Some of you may be aware that, in one of my numerous professional incarnations, I worked as a medical transcriptionist.
This would likely explain my unblushing obsession with all aspects of the human anatomy, including joints, organs, gray matter, squishy parts and mucous membranes. Having transcribed every imaginable surgical procedure over the years, I am convinced that I may have missed my calling. I should have been a surgical nurse.
Thus, on the rare occasion when a medical emergency presents itself, I may not be officially qualified to treat your injury or illness, but that has never stopped me from trying. Yes, my friends. I am that annoying (yet sometimes useful) friend who leaps onto the scene of a disaster and will happily plug the hole in a stranger’s jugular with my finger while dialing 999 (911) for assistance.
Oh yes. I can do CPR and the Heimlich manouvre. When my infant daughter was choking on a meatball, I snatched her out of her high chair and Heimliched that puppy right onto the floor before the rest of the family even noticed she had turned blue. When my grandson slipped on wet concrete and cracked his head open, I am pretty sure I broke some hurdle records leaping over casual diners in the nearest restaurant, promplty threatening the bar staff with bodily injury if they did not assemble an icepack STAT.
Needless to say, I got my icepack, and our grandson survives with all mental facilities intact.
So when a Major Medical Emergency presented itself yesterday morning, I once again donned my invisible nurse’s attire and attended the scene:
HH lay on the sofa turning his left index finger this way and that, squeezing the tip and wincing. “Ugh. I’ve got a splinter,” he says.
I look up from my phone with sudden interest. “Oh?” I say, “How deep is it?”
“Hmm… dunno. But it’s really painful.”
I cross the room, tying on my invisible mask and donning my invisible latex gloves. “Here. Let me see.”
He gingerly presents his hand. “DON’T TOUCH IT,” he says, pulling it away before I can even properly examine it.
I respond with my usual eye rolling. “You are such a baby. Just let me see it.”
“You’re gonna hurt it.”
“I won’t. I promise.”
“You will. You ALWAYS do.”
More eye rolling. “Babe, it’s tiny. Let me get a needle and work it out.” I head to my sewing box to retrieve a sewing needle.
But HH is having none of it. “No, I’ll just let it work its way out.”
Ugh. What is it with that old wives’ tale that says one should leave a splinter to “work its way out”? Splinters don’t work their way out. They burrow deeper, get infected, and the resultant pus collection may – or may not – push said splinter to the surface.

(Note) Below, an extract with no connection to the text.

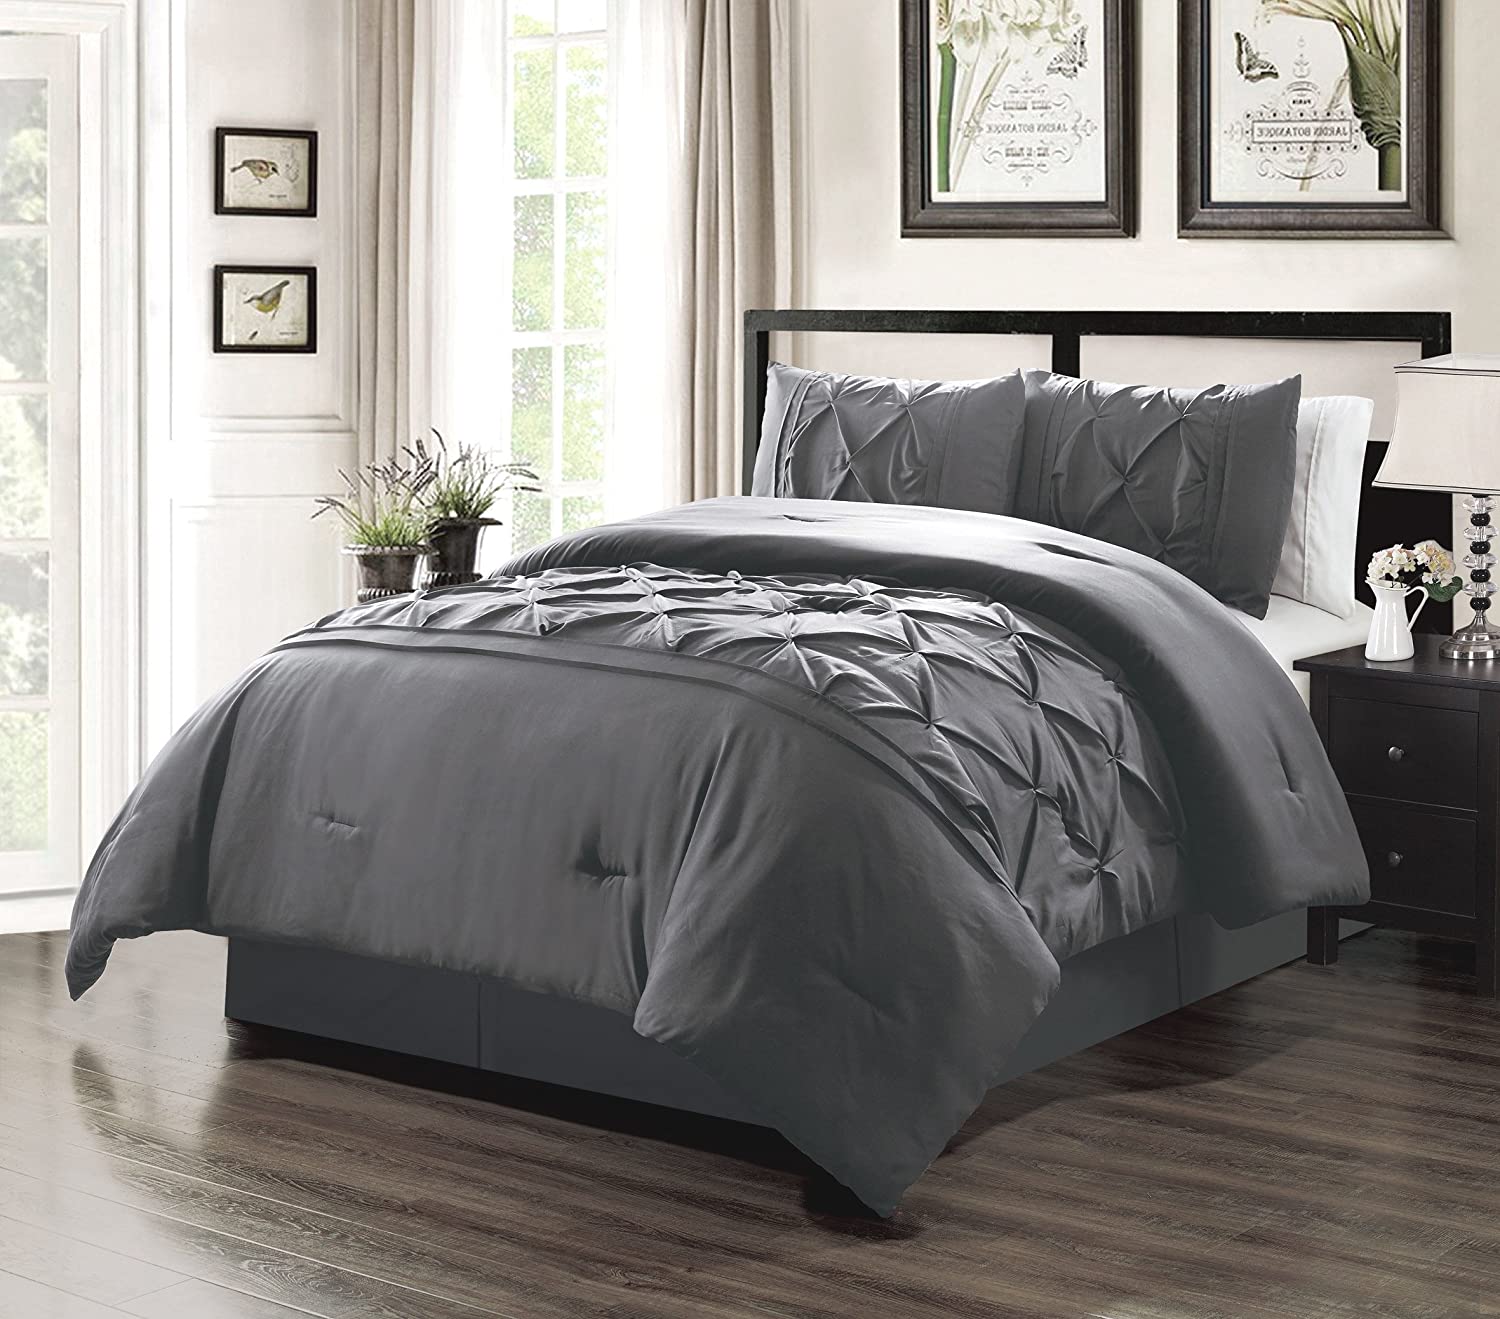 Details about   GrandLinen 3 Piece King Size Solid Light Grey Double-Needle Stitch Puckered Pinc

With needle in hand, I return to HH’s side. His mouth is smiling, but his eyes are sheer panic. My darling husband. His fear of pain* is exceeded only by his fear of needles**. This is the same man who nearly passed out when they set an IV line on me, and who ACTUALLY DID pass out once during a blood draw. Bless him. I reach for his hand, but he has hugged it into his chest now. “No, NO!” he says. “You’ll make it bleed. You’ll dig at it – You ALWAYS do! Plus,” he adds darkly, ” you’re enjoying this too much!”
He may have a point. I am enjoying the prospect of excavating his epidermis. “No, I won’t,” I soothe, “I promise…” But honestly. I have no intention of going bone deep. We’re only going to pick through a couple layers of skin! Still, I am wearing my nurse’s hat, and nurses, as we know, are not always entirely honest about the degree of pain one is about to experience. Frankly, the more he protests, the more Nurse Ratched I become.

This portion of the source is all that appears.